NOTEBOOK: Do you mind sharing about other elements of Metis folklore that appear in the film?
VERMETTE: There’s the wolf. And these are figures that are evident in a lot of cultural folklores. We play with images and symbols, and even in the score we played with the fiddle, and had that change and evolve.
NOTEBOOK: How did you approach the sonic aspect of the film? It’s clear you like music and think about it, as you have your one short film, Suzanne Ciani on Letterman, that also doesn’t have a direct audio-visual match.
VERMETTE: Music is my favorite thing in the world—I don’t make films often because I listen to too much music. For Ste. Anne, it was a bit different because there were people talking. It’s a much quieter film, and it was a nice bend in my road because there was air and space to breathe. Sound is often a way for me to think about how I can put something in my image that’s missing. I often use sounds to channel other realms. I like to think about all dimensions of life, like sometimes with memories. With Les Châssis de Lourdes, there’s a lot of vacuuming sounds because my mum vacuumed all the time.
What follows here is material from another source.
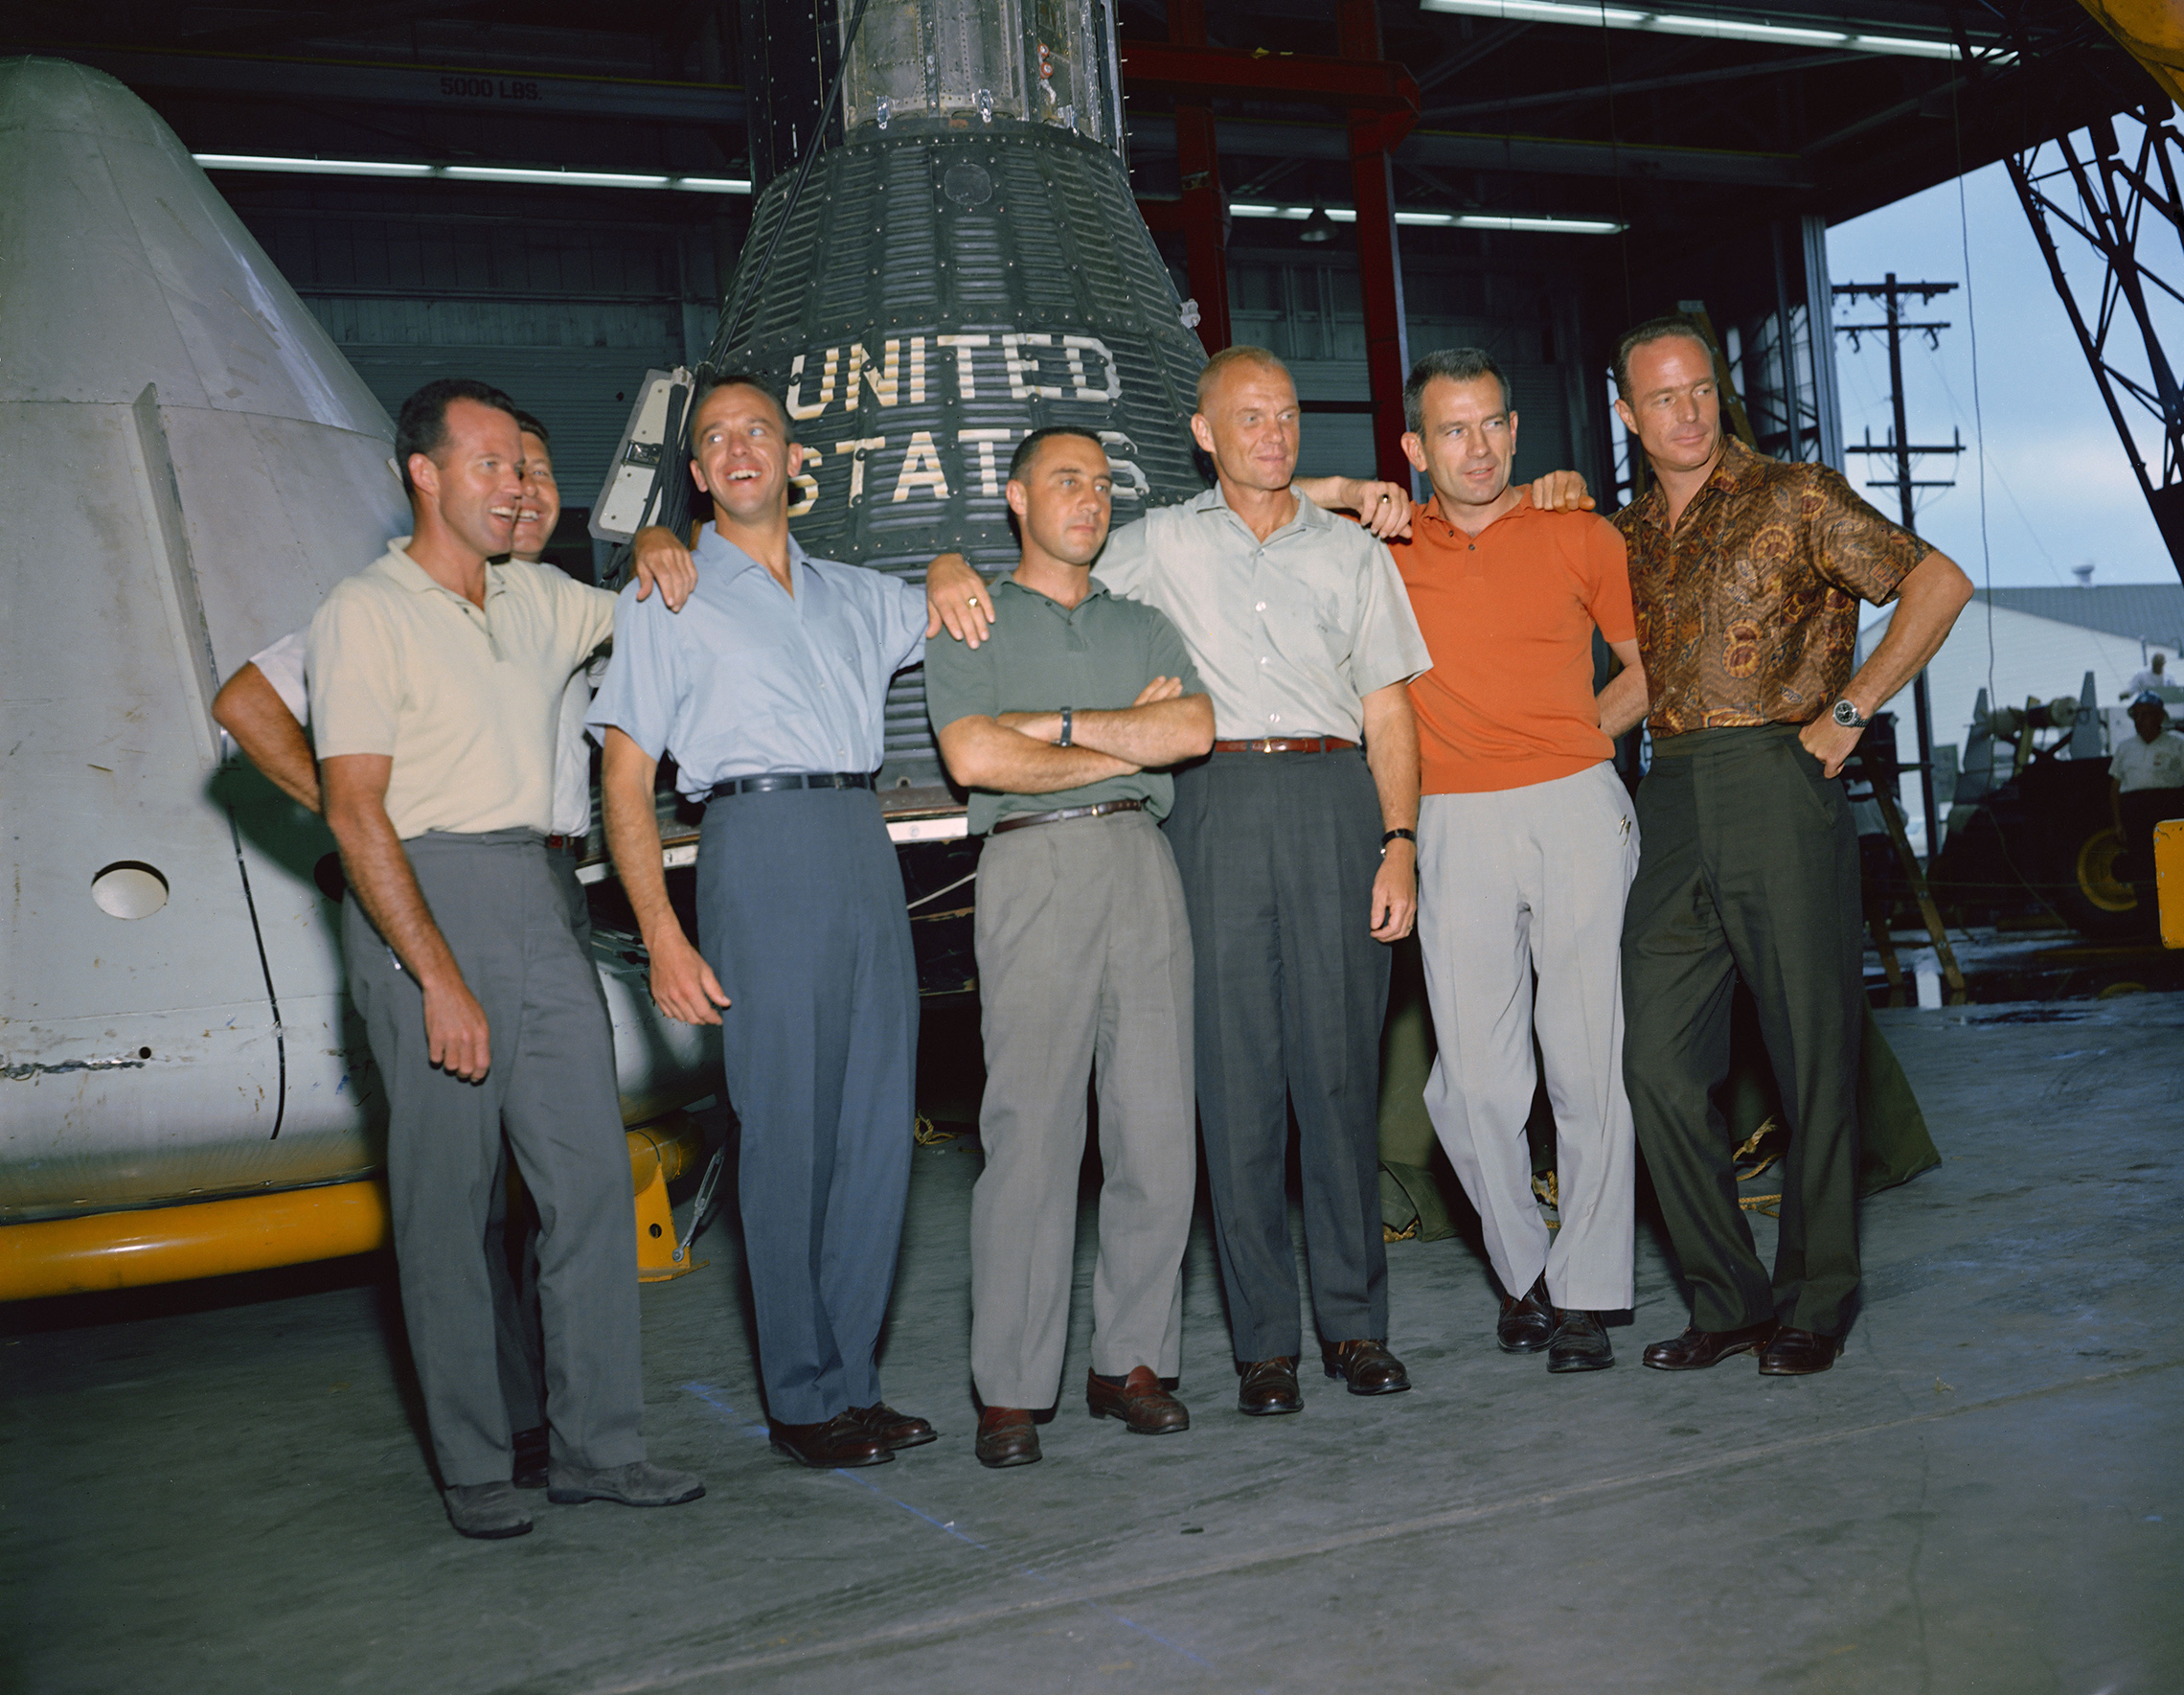 la 9 aprilie 1959, primul administrator al NASA, Dr. Keith Glennan, a anunțat numele primului grup de astronauți al agenției la o conferință de presă la Washington, D. C. acum cunoscut sub numele de șapte originale, au inclus trei aviatori Navali, M. Scott Carpenter, Walter M. Schirra Jr. și Alan B. Shepard Jr.; trei piloți ai Forțelor Aeriene, L. Gordon Cooper Jr., Virgil I. (Gus) Grissom și Donald K. (Deke) Slayton; împreună cu aviatorul Marine Corps John H. Glenn Jr. această fotografie de grup a astronauților originali Mercury a fost făcută în iunie 1963 la Centrul de nave spațiale cu echipaj (MSC), acum Johnson Space Center, în Houston, Texas. Astronauții sunt, de la stânga la dreapta: Cooper, Schirra, Shepard, Grissom, Glenn, Slayton și Carpenter. Proiectul Mercury a devenit prima întreprindere majoră a NASA. Obiectivele programului au fost plasarea unei nave spațiale cu rating uman pe orbită în jurul Pământului, observarea performanței astronauților în astfel de condiții și recuperarea în siguranță a astronautului și a navei spațiale. Zborurile Mercury au dovedit că oamenii pot trăi și lucra în spațiu și au deschis calea pentru programele Gemeni și Apollo, precum și pentru toate zborurile spațiale umane ulterioare. (NASA)'s first administrator, Dr. Keith Glennan, announced the names of the agency's first group of astronauts at a news conference in Washington, D.C. Now known as the "Original Seven," they included three Naval aviators, M. Scott Carpenter, Walter M. Schirra Jr., and Alan B. Shepard Jr.; three Air Force pilots, L. Gordon Cooper Jr., Virgil I. (Gus) Grissom, and Donald K. (Deke) Slayton; along with Marine Corps aviator John H. Glenn Jr. This group photo of the original Mercury astronauts was taken in June 1963 at the Manned Spacecraft Center (MSC), now Johnson Space Center, in Houston, Texas. The astronauts are, left to right: Cooper, Schirra, Shepard, Grissom, Glenn, Slayton and Carpenter. Project Mercury became NASA's first major undertaking. The objectives of the program were to place a human-rated spacecraft into orbit around Earth, observe the astronauts' performance in such conditions and safely recover the astronaut and the spacecraft. The Mercury flights proved that humans could live and work in space, and paved the way for the Gemini and Apollo programs as well as for all further human spaceflight. (NASA)

In Ste. Anne, I use a lot of off-camera sounds. I sat with the sound team and tried to explain the complexity of how I approach it. I try to put a lot of samples in, and Bret Parenteau—who did the score—he would make stuff and I would drop it in whenever it worked. It was very playful. The rough cut had all these sound notes and text all over the images. It’s my favorite part of filmmaking. I love sound.
NOTEBOOK: The big thing about Ste. Anne for me is getting sucked into its rhythm. The sound plays a role in that, but your images are also “composed” in a way where it feels like it’s following a more musical trajectory.
VERMETTE: The guys who taught me the most about editing are Madlib and J Dilla. Even in production I’m thinking about audiovisual samples, and I don’t get too caught up in it—like, let’s just get images! I do my own edits, and when I put everything together, I think about samples and sampling. I DJed a lot in Winnipeg, so I think about playlists and making a cinematic playlist. I’m always thinking about rhythm and pacing, and when you’re into music, you just know when something’s off.
NOTEBOOK: There’s a question I ask everyone I interview that I want to ask you: Do you mind sharing one thing you love about yourself?
VERMETTE: I love how I love others… these people, they’re weirdos, they’re misfits. I like big personalities because it’s never boring. I never want to be bored.